Last updated on November 21, 2020 by Dan Nanni
A process is called a zombie process if the process has been completed, but its PID and process entry remains in the Linux process table. A process is removed from the process table when the process is completed, and its parent process reads the completed process' exit status by using the wait() system call. If a parent process fails to call wait() for whatever reason, its child process will be left in the process table, becoming a zombie.
$ ps axo stat,ppid,pid,comm | grep -w defunct
Z 250 10242 fake-prog <defunct>
The above command searches for processes with zombie (defunct) state, and displays them in (state, PPID, PID, command-name) format. The sample output shows that there is one zombie process associated with "fake-prog", and it was spawned by a parent process with PID 250.

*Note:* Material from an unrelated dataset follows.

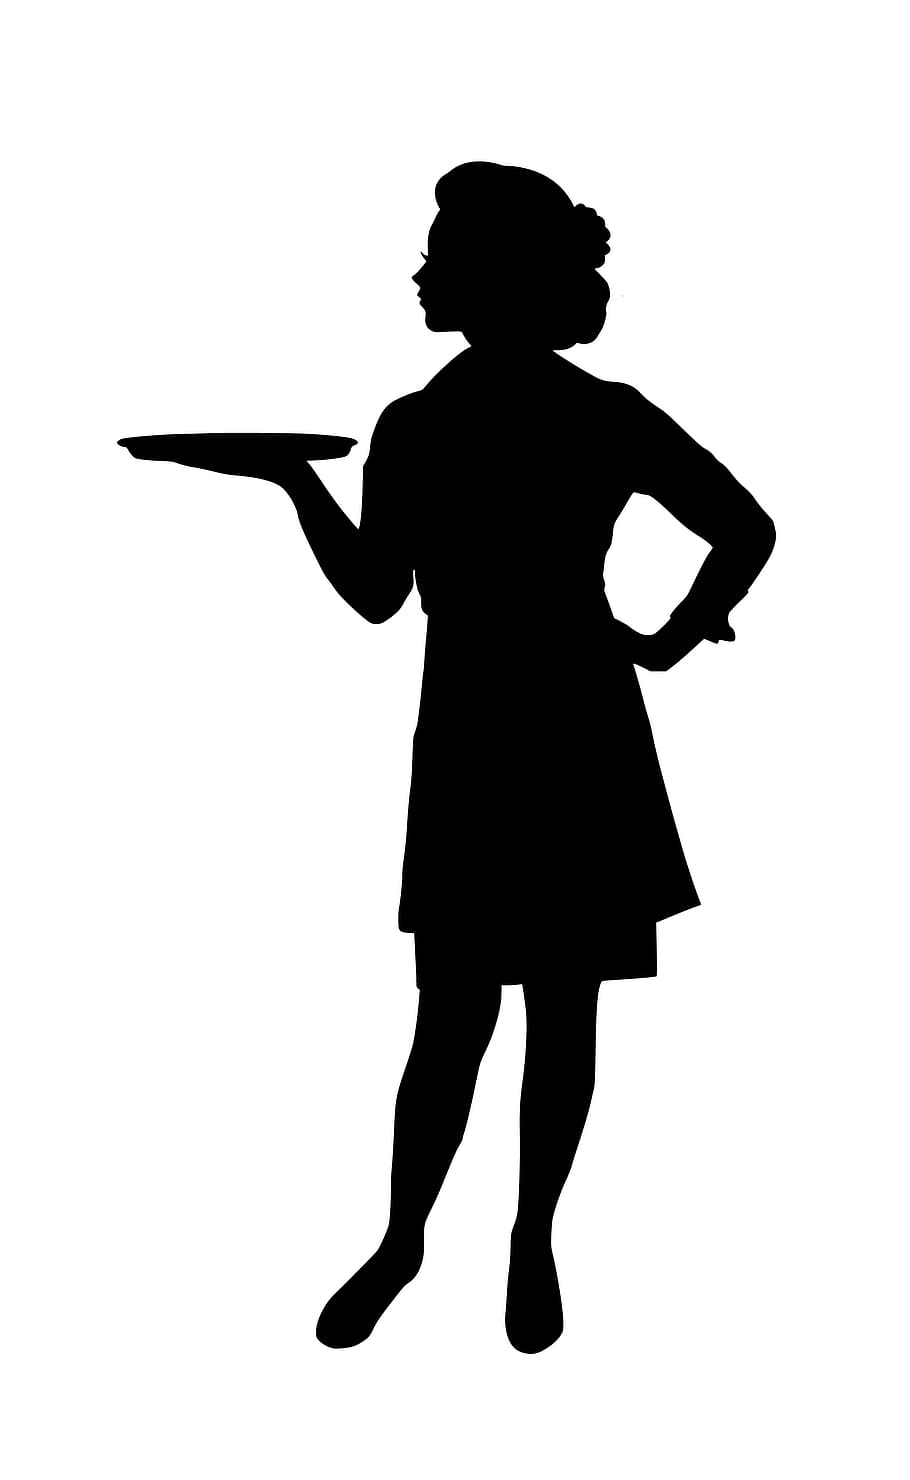 woman waitress, silhouette, waitress, waiter, serving, uniform, service, carrying, employee, female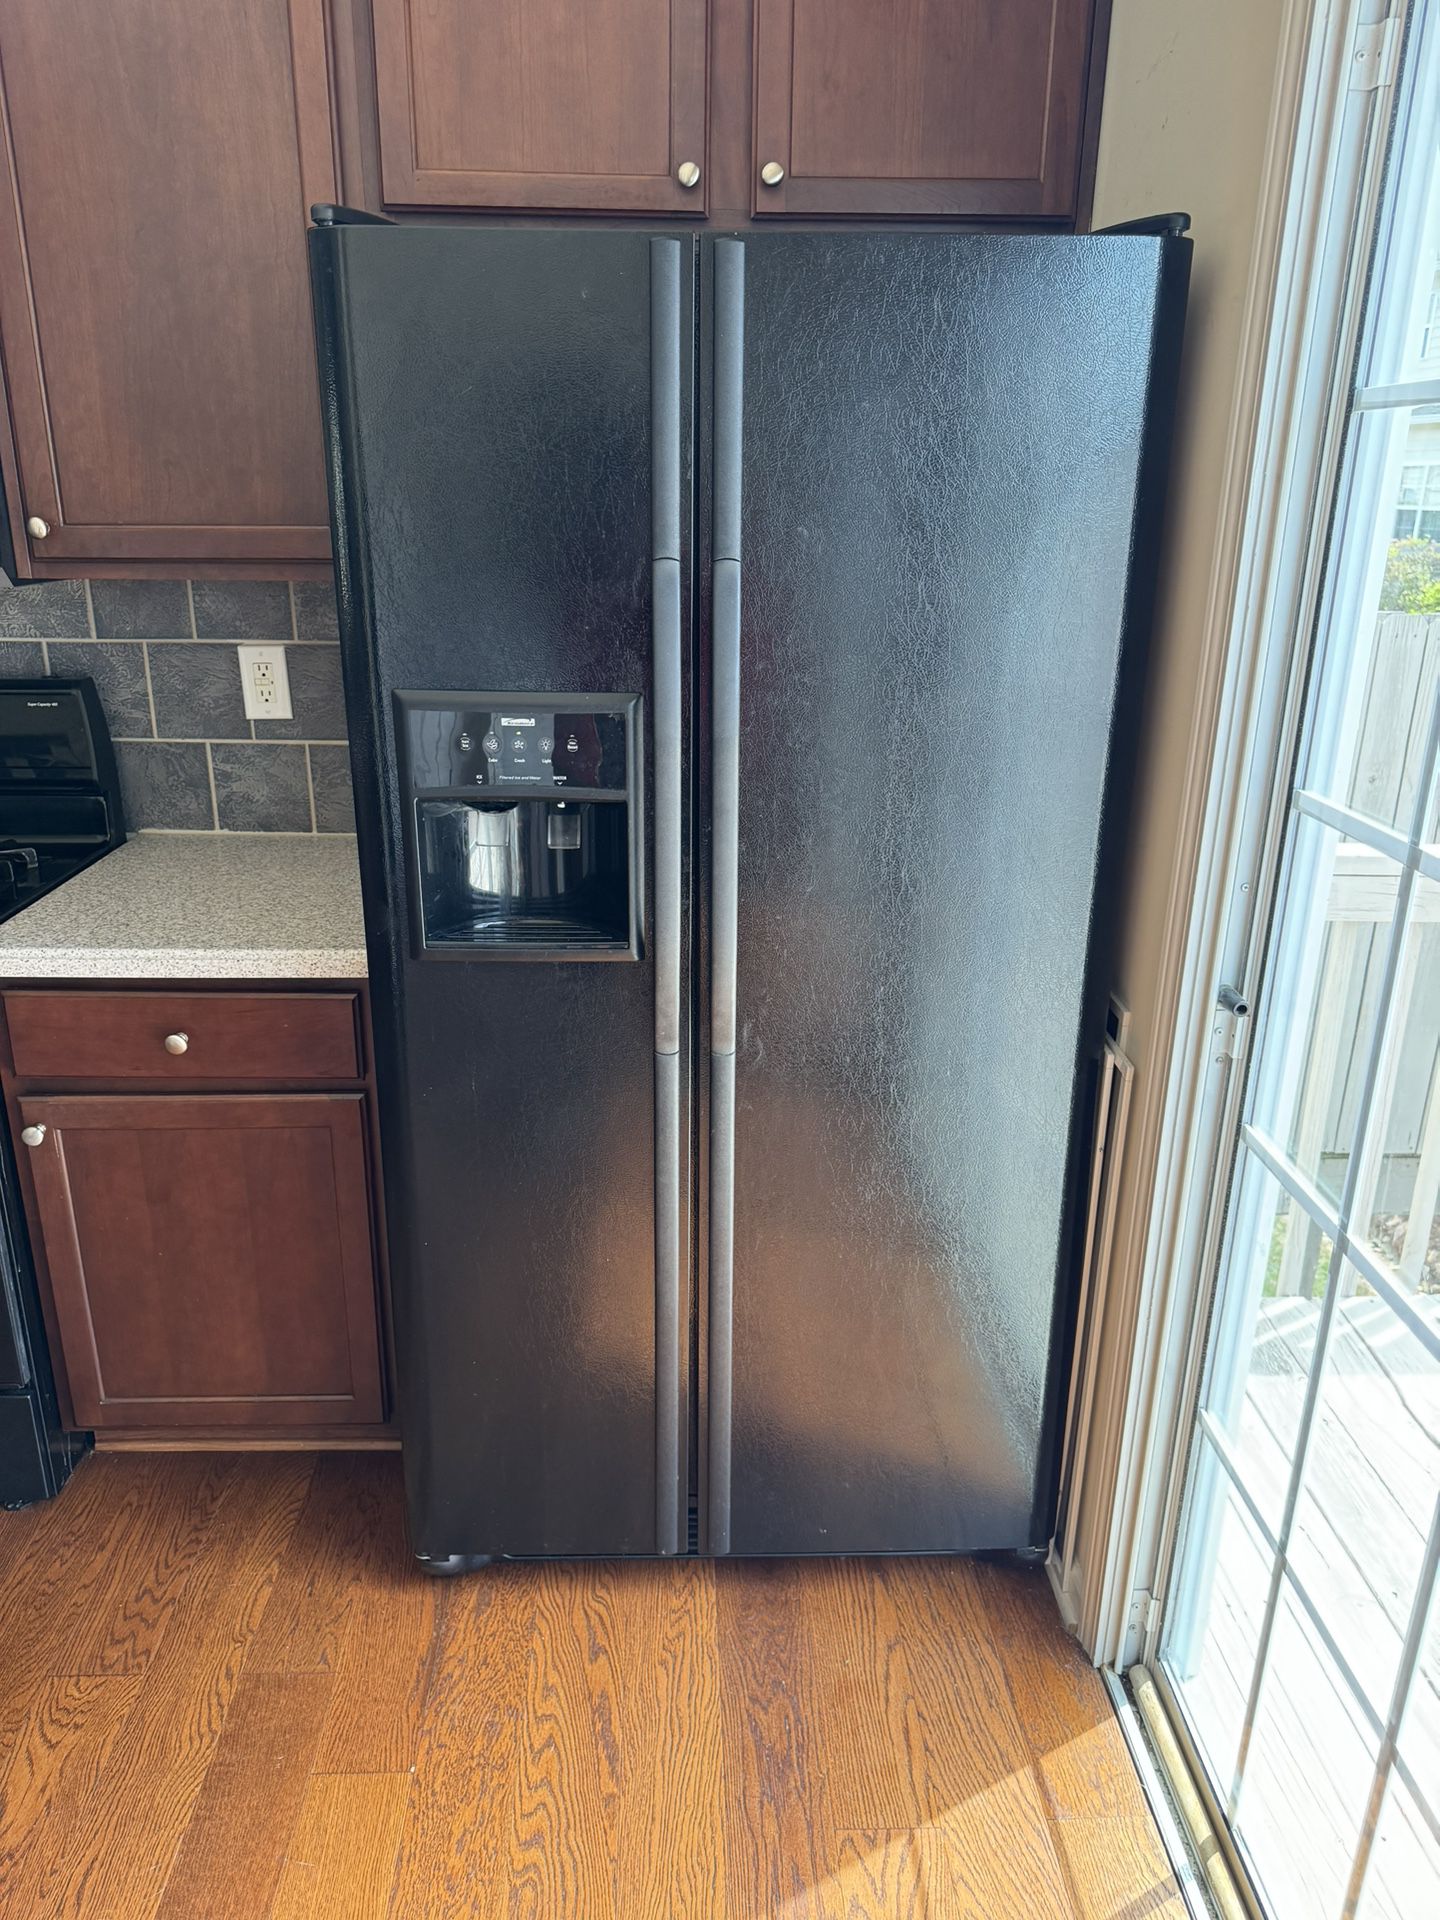 Whirlpool Refrigerator, Dishwasher, Stove Microwave set

Killing zombie processes is not obvious since zombie processes are already dead. You can try two options to kill a zombie process on Linux as follows.
First, you can try sending SIGCHLD signal to the zombie's parent process using the kill command. Note that the above command gives you PPID (PID of parent process) of each zombie. In our example, PPID of the zombie is 250.
$ sudo kill -s SIGCHLD 250
If a zombie process still does not go away, you can kill the parent process (e.g., 250) of the zombie.
$ sudo kill -9 250
Once its parent process gets killed, the zombie will be adopted by the init process, which is a parent of all processes in Linux. The init process periodically calls wait() to reap any zombie process.